Entries provided:
********

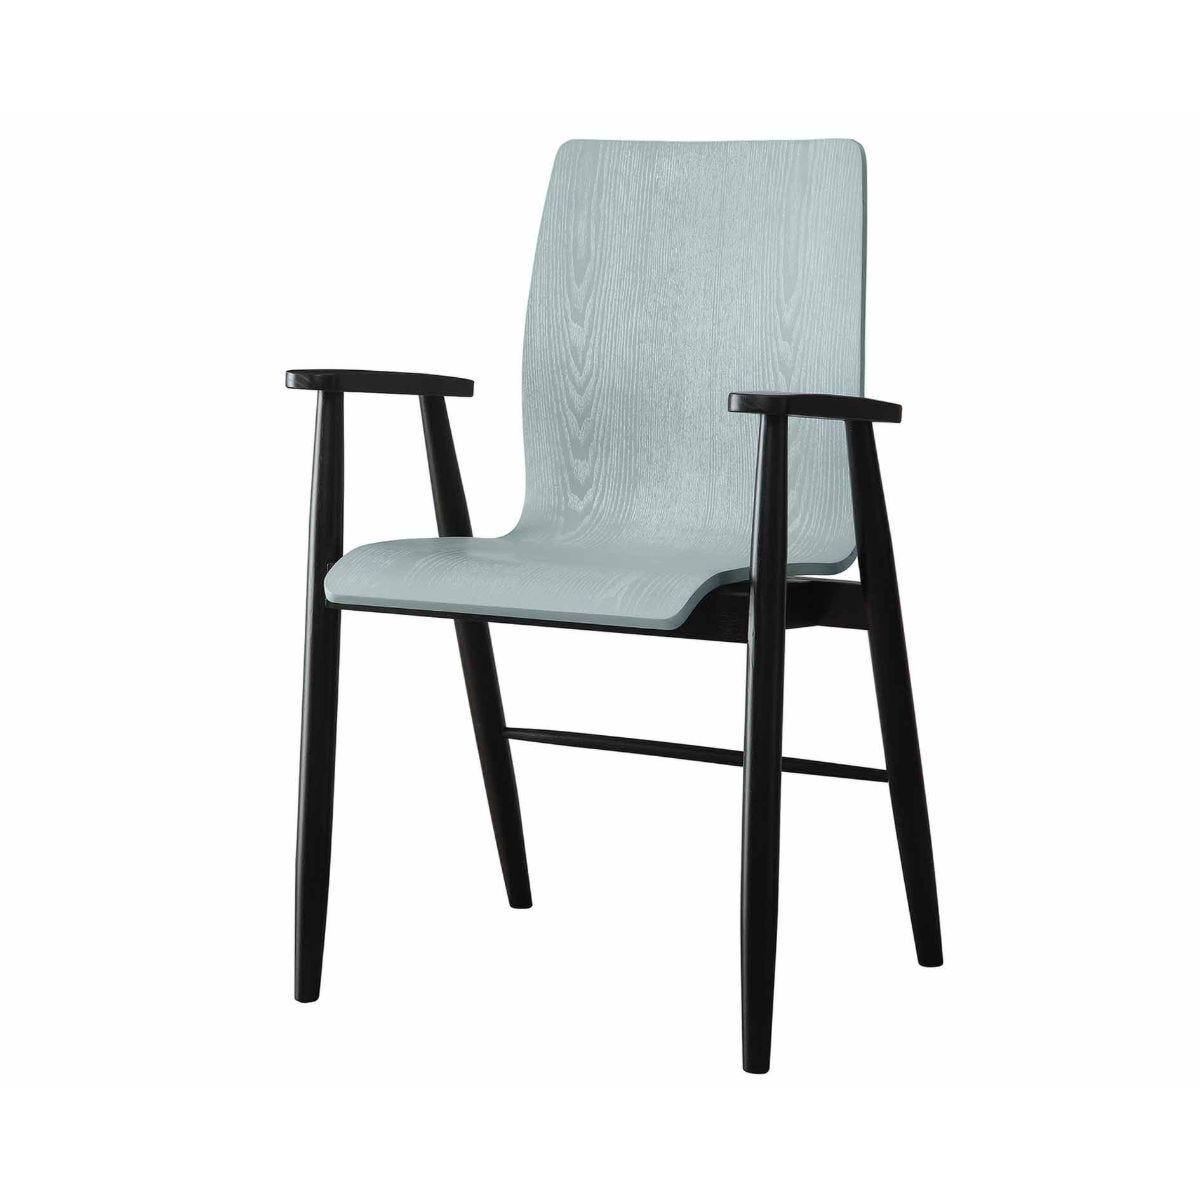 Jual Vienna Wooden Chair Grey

********

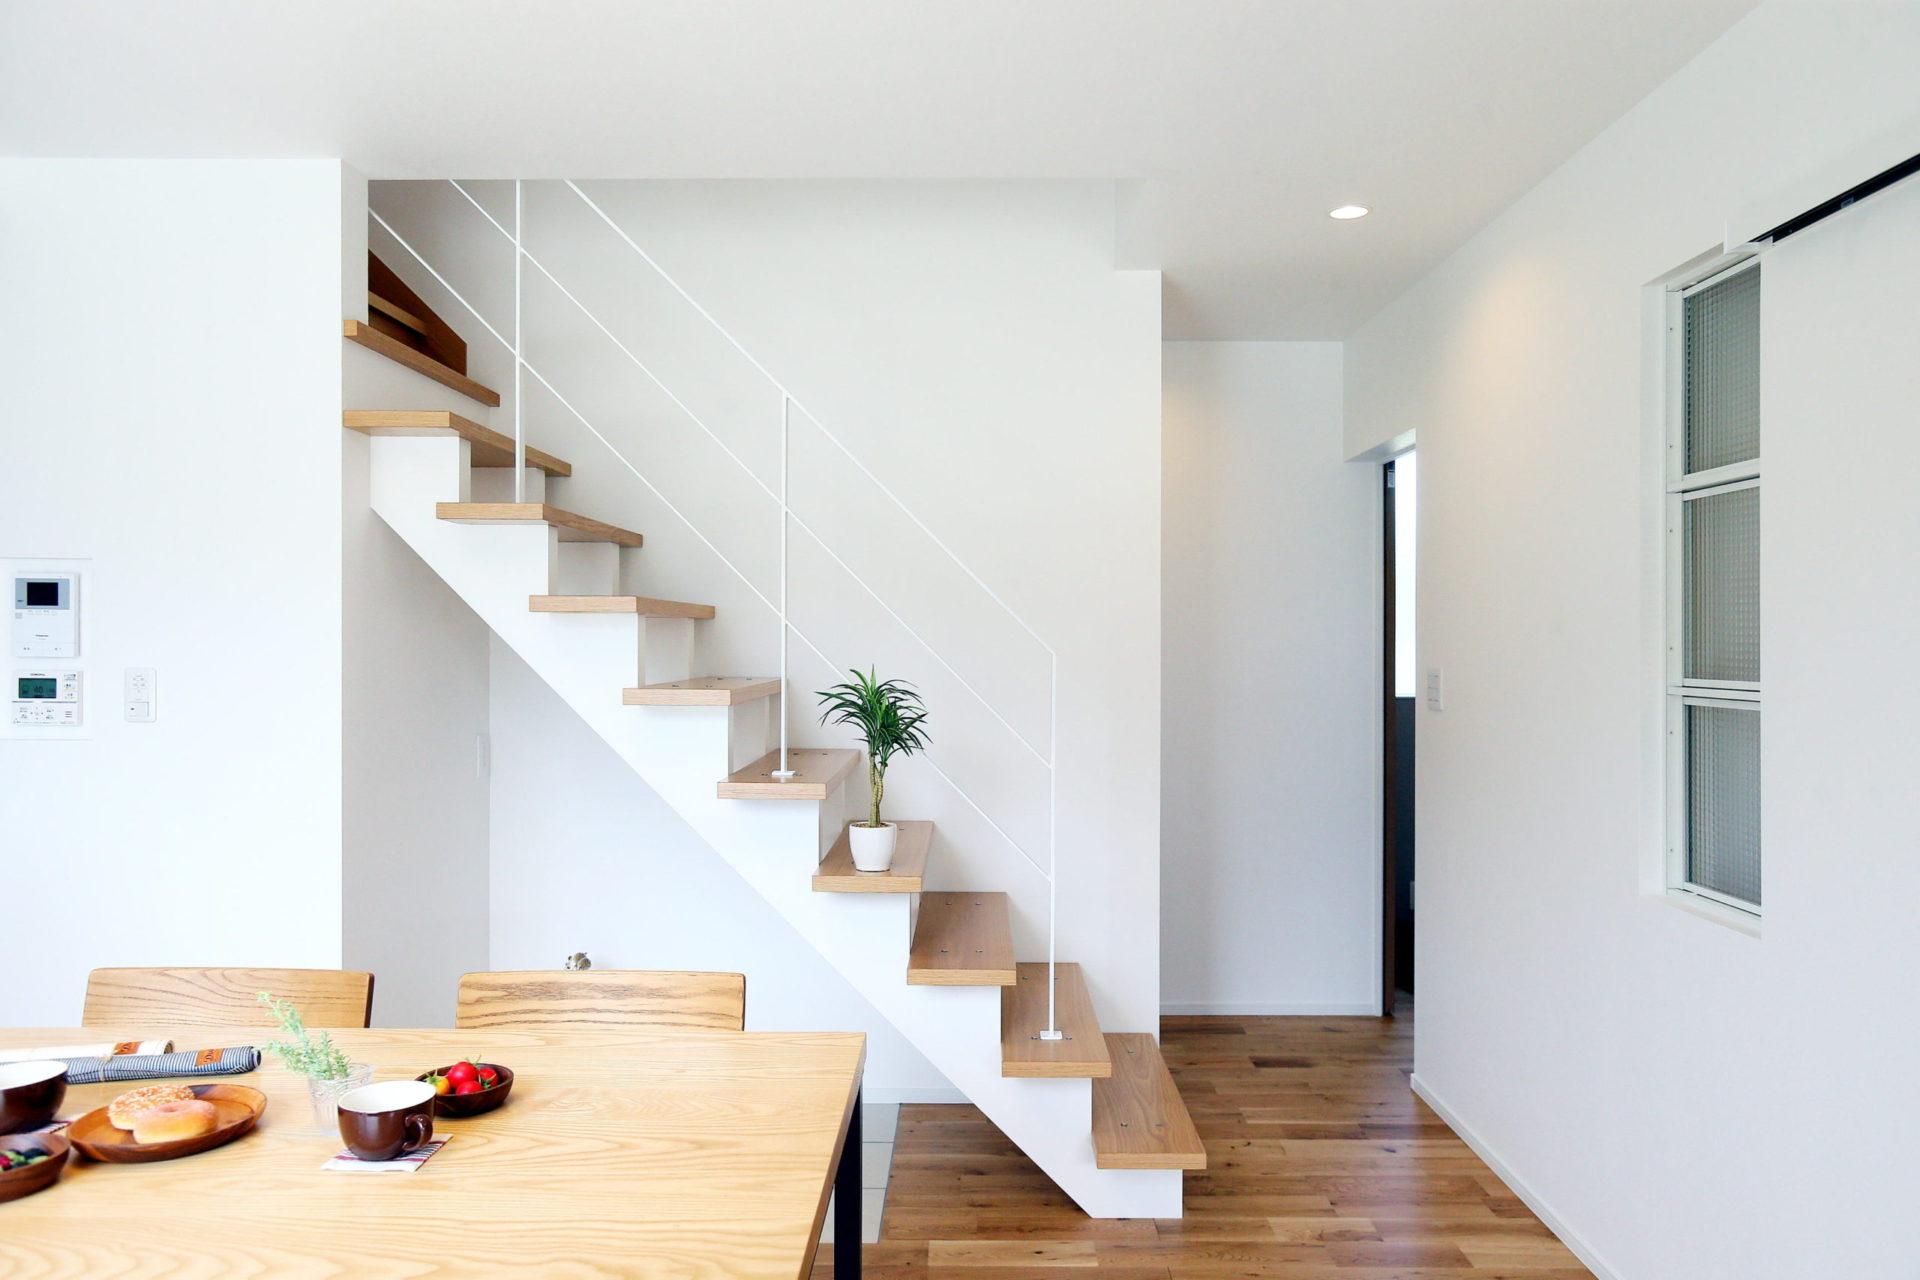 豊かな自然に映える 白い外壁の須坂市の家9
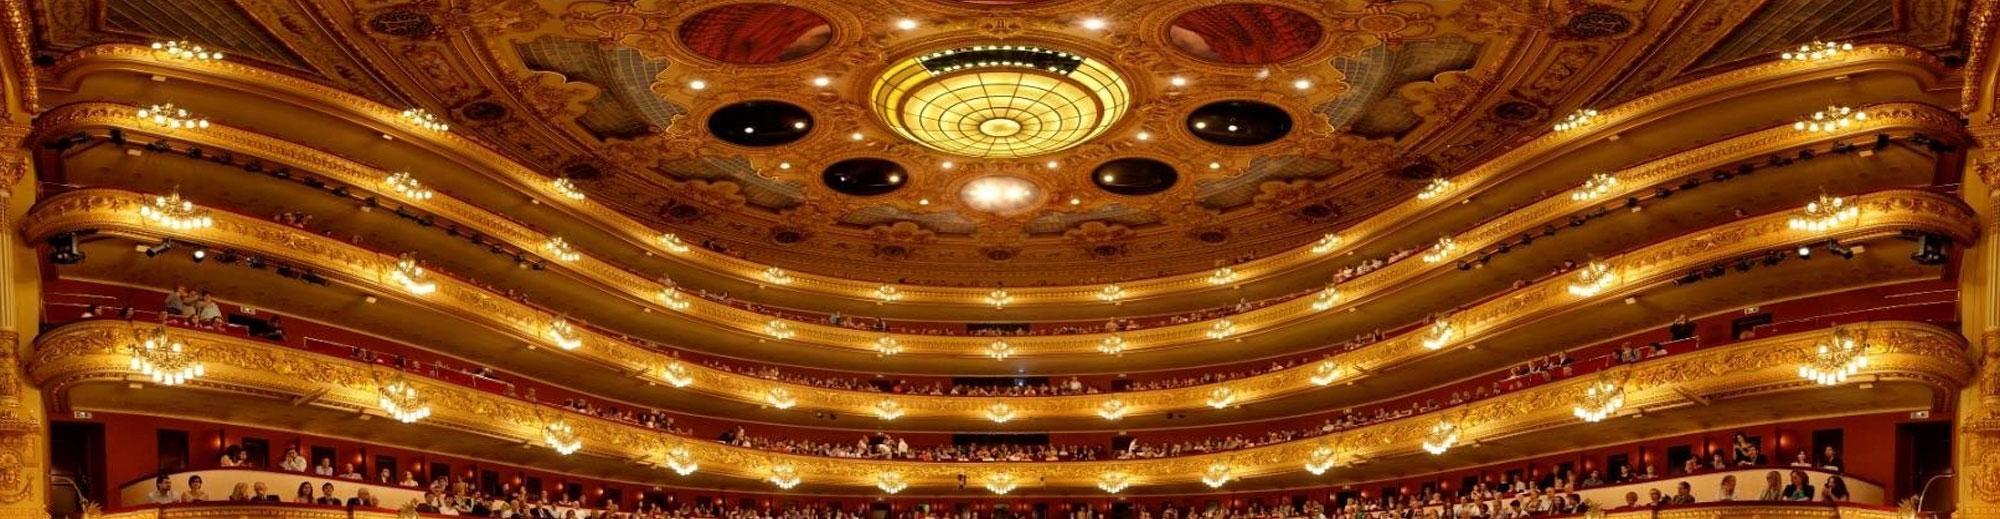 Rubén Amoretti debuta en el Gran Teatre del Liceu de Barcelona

********

Directions for this task:
The data above holds the lines to copy: start at the one with "豊かな自然に映える 白い外壁の須坂市の家9", stop at the one with "Rubén Amoretti debuta", include both, copy them exactly without pictures, and copy nothing else.

Written reply:
 豊かな自然に映える 白い外壁の須坂市の家9
 Rubén Amoretti debuta en el Gran Teatre del Liceu de Barcelona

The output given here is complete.